WHAT IS REQUIRED |
Taking the data below, please print only the lines from the line holding "보겸 복귀 기념 Q&A 영상에서 훈훈한 팬들" to the line holding "Zwei Bananen auf weißem Hintergrund", inclusive, with pictures omitted.

SOURCE INFORMATION |
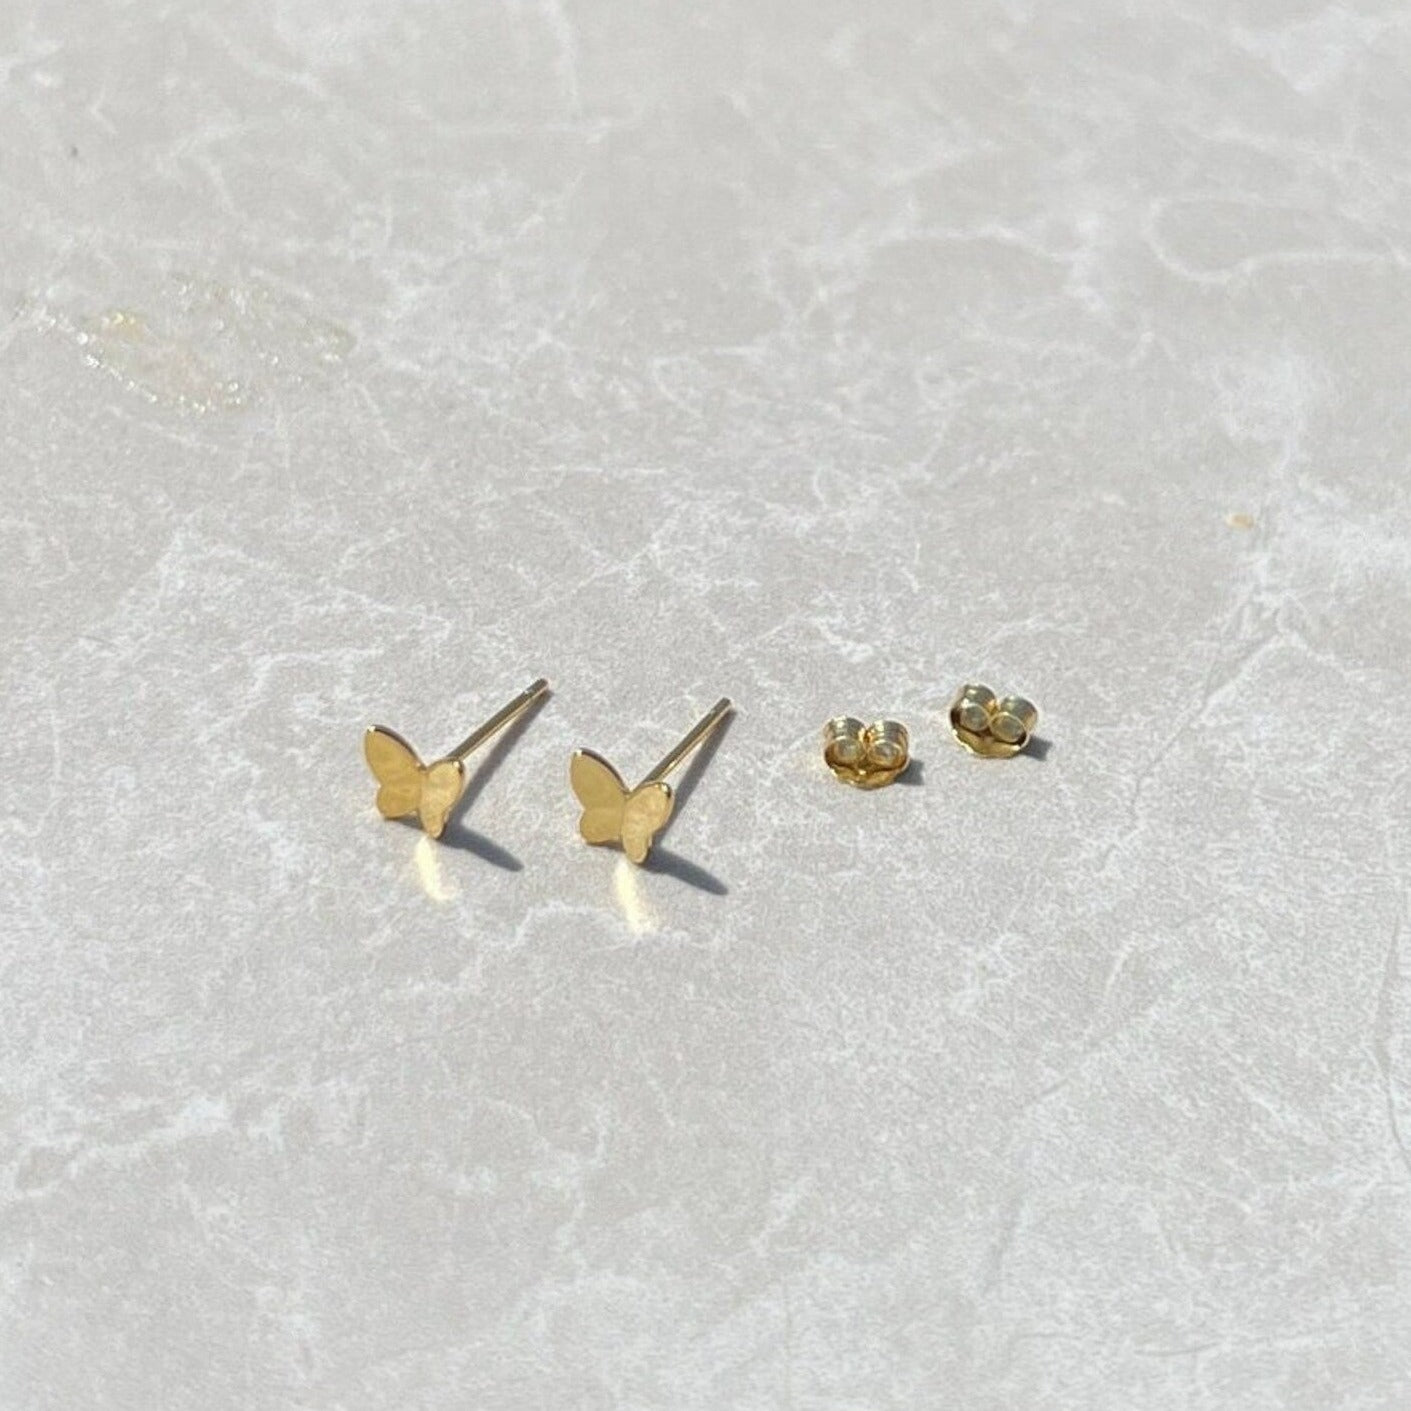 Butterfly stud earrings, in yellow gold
--
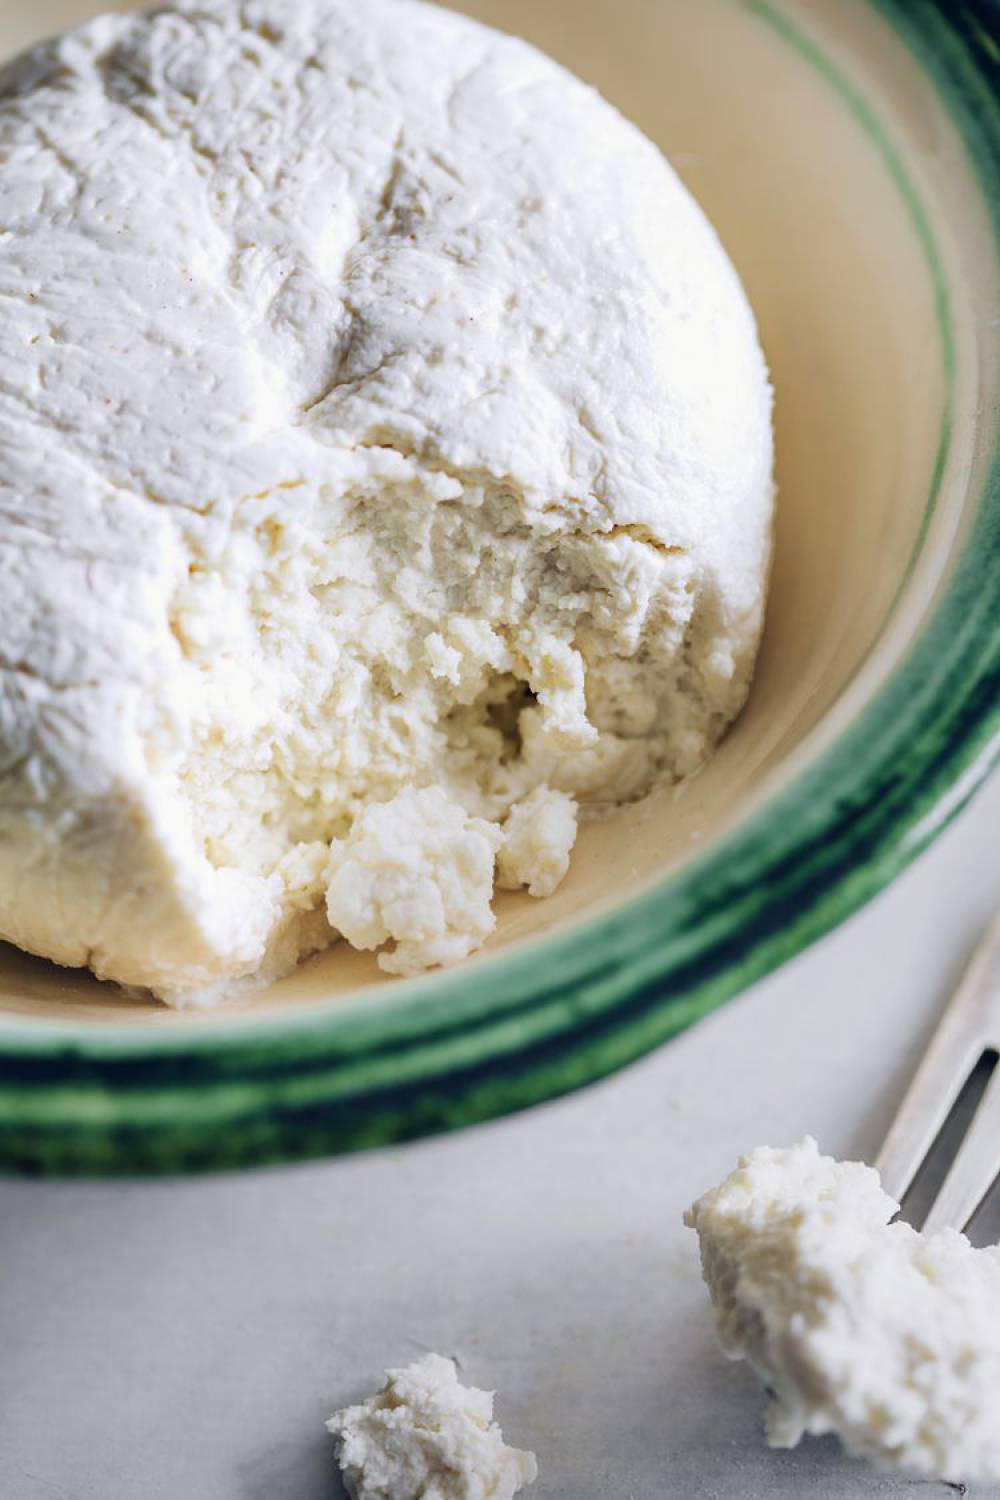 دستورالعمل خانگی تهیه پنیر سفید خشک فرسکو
==
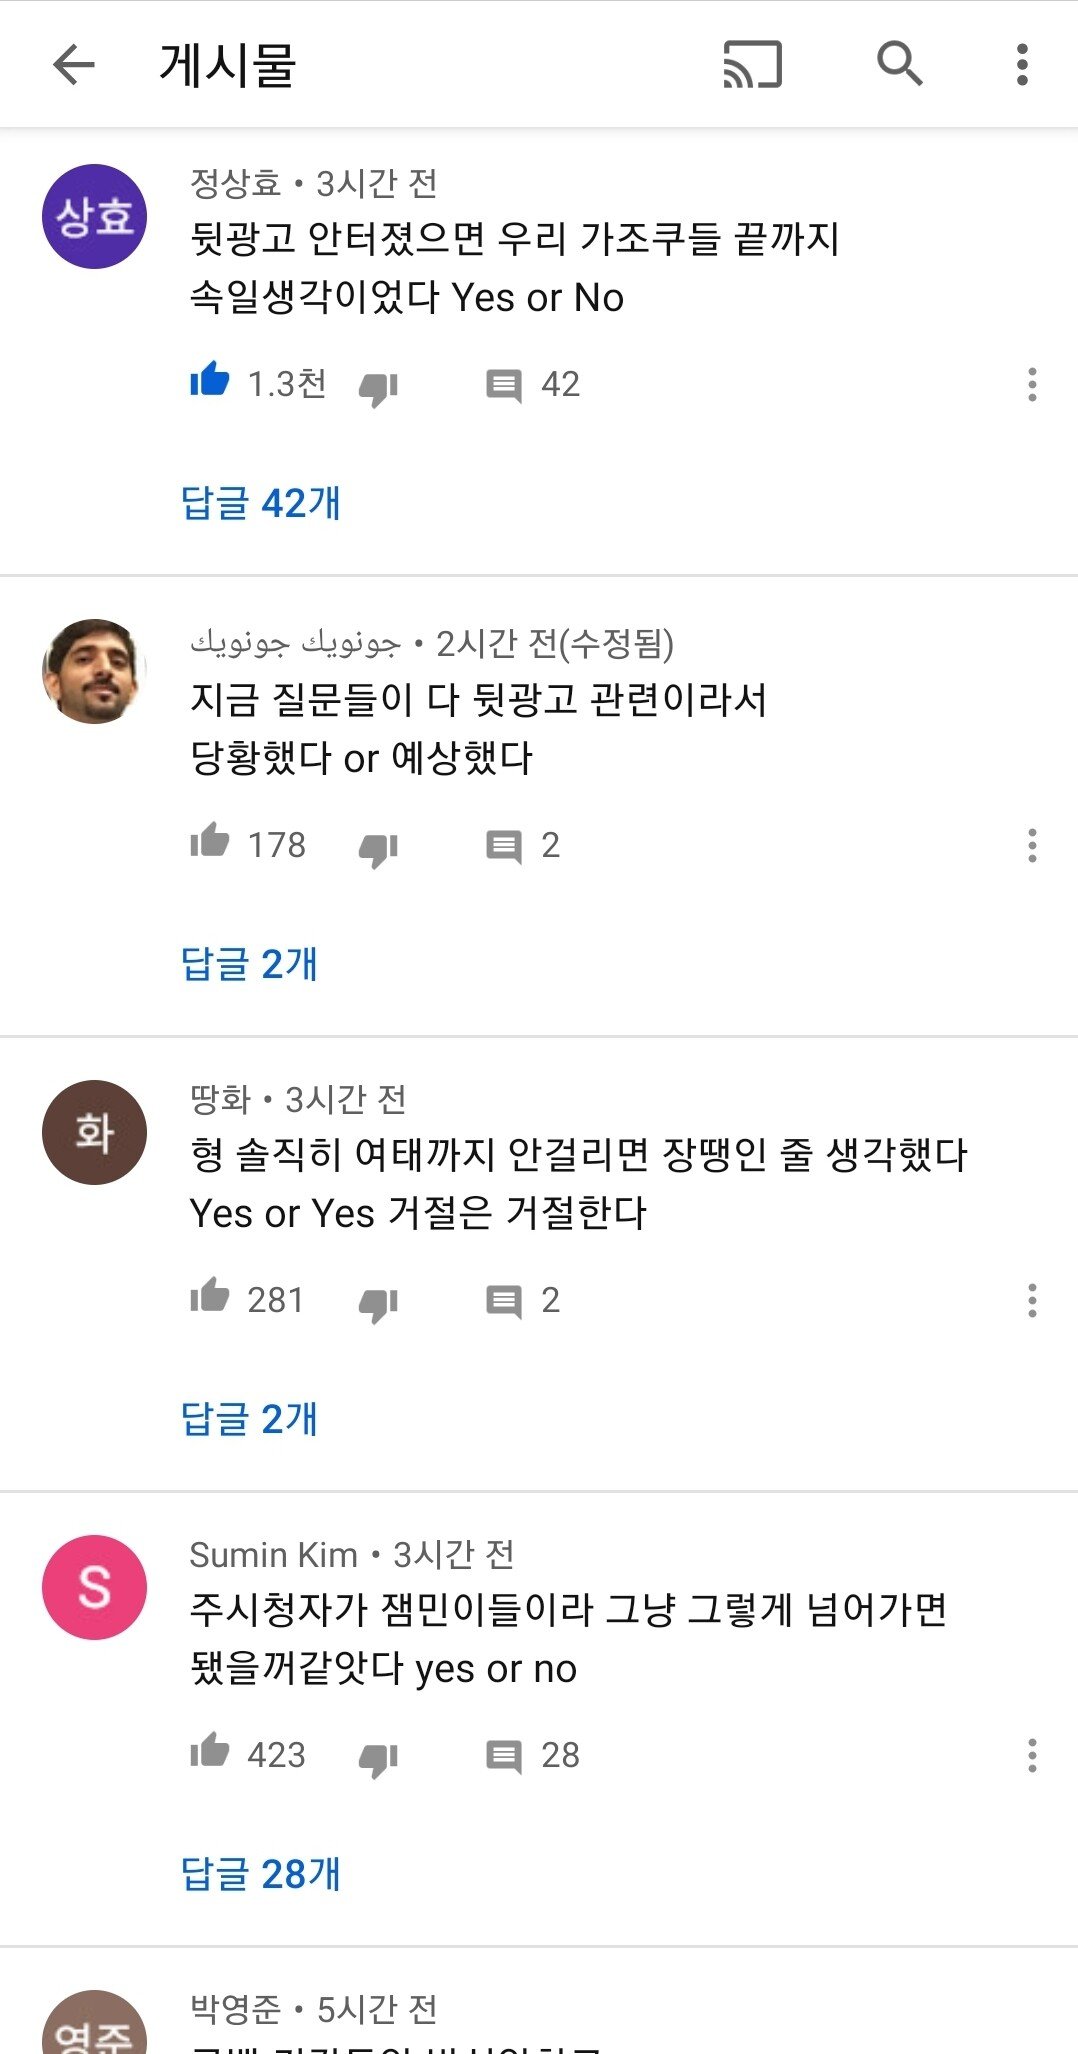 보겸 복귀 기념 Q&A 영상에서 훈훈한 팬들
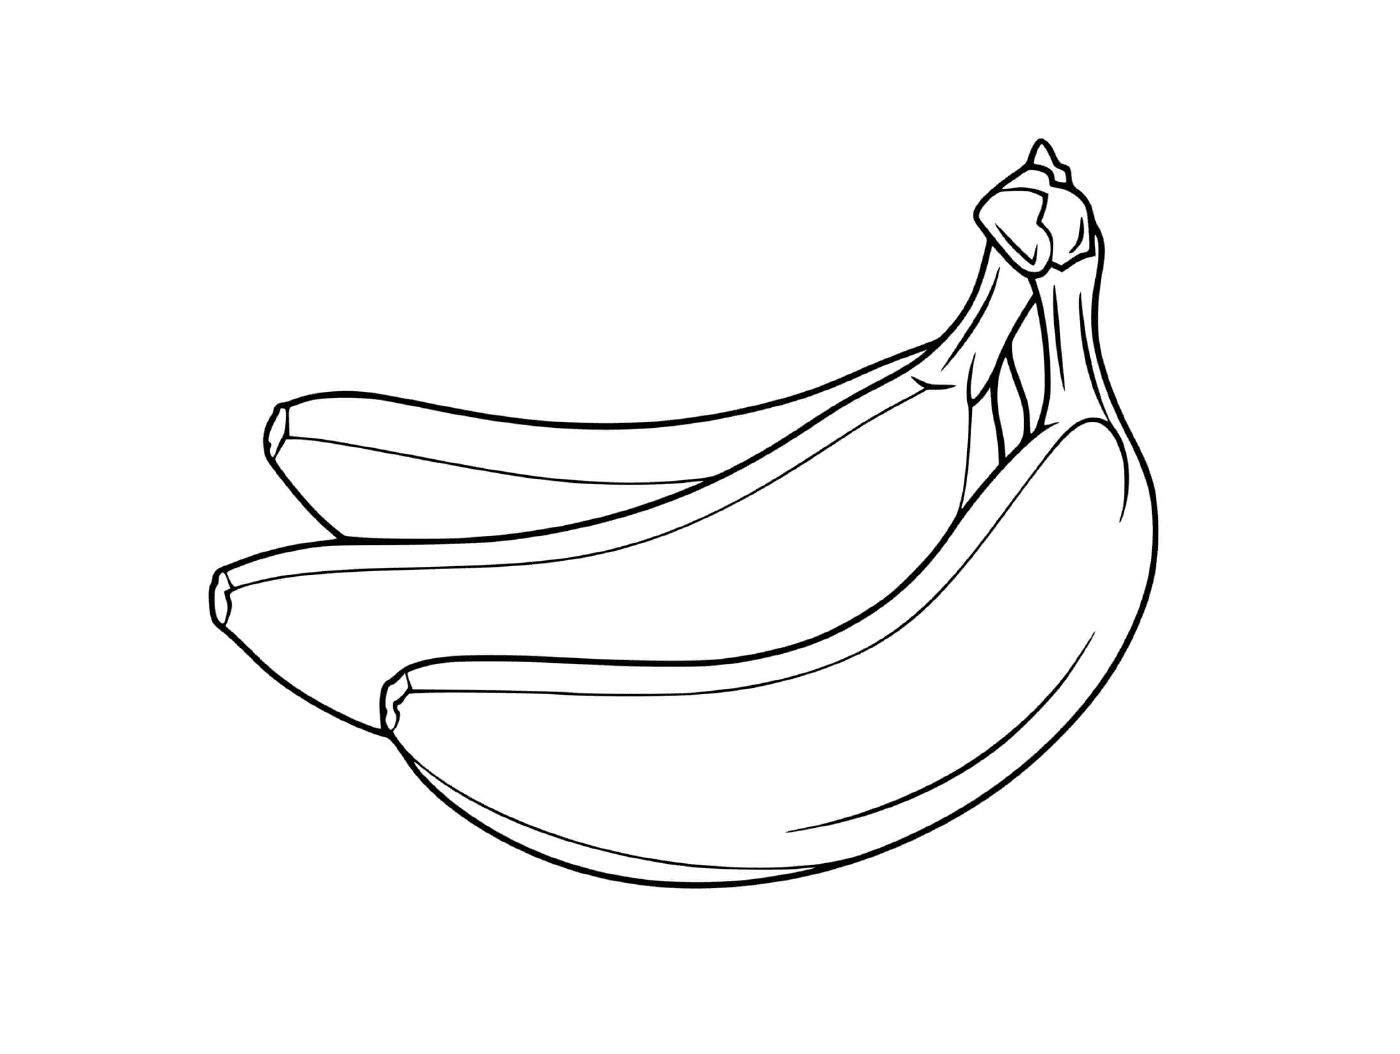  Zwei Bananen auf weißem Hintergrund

RESULT OF THIS EXERCISE |
 보겸 복귀 기념 Q&A 영상에서 훈훈한 팬들
  Zwei Bananen auf weißem Hintergrund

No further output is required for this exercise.